Aunt Edie’s couch was still draped in an old blanket she had crocheted herself, its crazy kaleidoscope colors having faded beneath a heavy scrim of dust. Those colors were too bright to suppress completely, and Aaron dared to breach the threshold of the house as the blanket drew him inside. Slowly approaching the couch, he allowed his fingers to drift across the delicate loops of yarn he still remembered her knitting while he sat at her feet with a pumpkin between his knees. It had almost been Halloween, and Edie had allowed him to carve the pumpkin himself, warning him that if he got the sloppy pumpkin guts on her precious blanket, he’d be spending the rest of his childhood upstairs in his room.

He ran his hand across the top of the couch, feeling the yarn beneath his palm, only to watch the loops loosen and disintegrate before his eyes. His throat went sickly-tight at the sight of it, Edie’s precious blanket coming apart beneath his touch, a grim reminder that what was past was past. No amount of fond memory could bring back the dead.

Aaron forced himself to look away, focusing the camcorder onto the fireplace mantel, still decorated with glass candlesticks and Edie’s antique silver-framed mirror, all in their rightful places. The mirror was tarnished by decades of neglect, the mantel covered in dust, downy feathers, and mounds of bird droppings that had oozed and dried down the sides of the white-painted shelf. A faded photograph of Fletcher grinned at him from next to the mirror—Edie’s favorite of her late husband, one she had displayed in various parts of the house after he had passed. Aaron recalled a glass-encased pillar candle burning next to at least one of them at all times: a tiny makeshift shrine, complete with an eternal flame. The candle was there, too, sheathed in a thick coating of webbing and dust.

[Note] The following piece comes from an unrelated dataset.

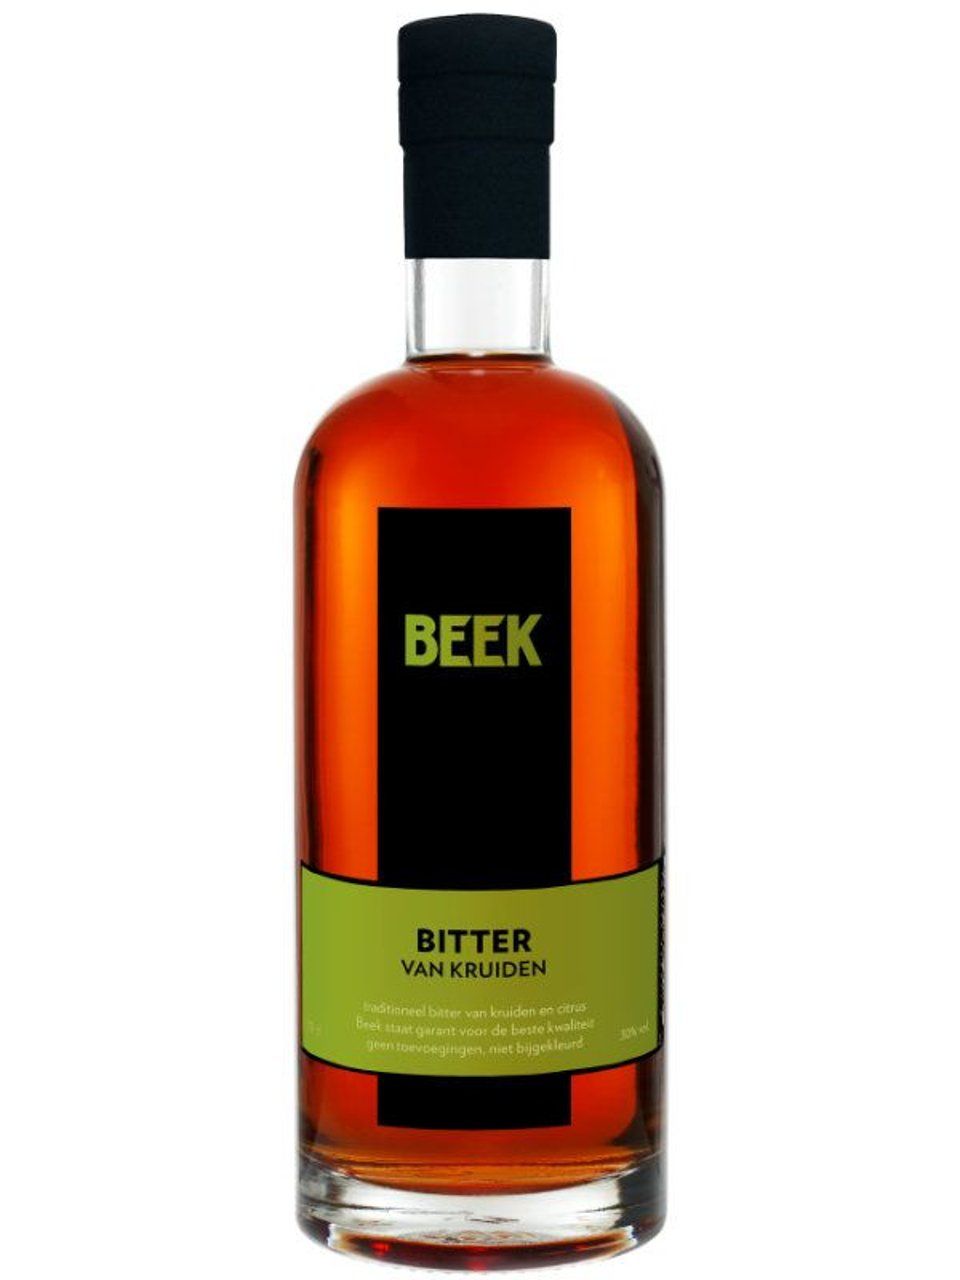 Beek Bitter 0,7 ltr

He glanced across the room to the hallway that led into the kitchen. The hall window was broken, shards of glass ground into the hardwood floor by years of trespass. There were footprints in the dust, smudges where curious intruders had run their fingers along walls and picture frames, traces of their fingerprints dotting the dust that papered the walls. And yet the place hadn’t been ransacked. Items remained in perfect, albeit fetid, order.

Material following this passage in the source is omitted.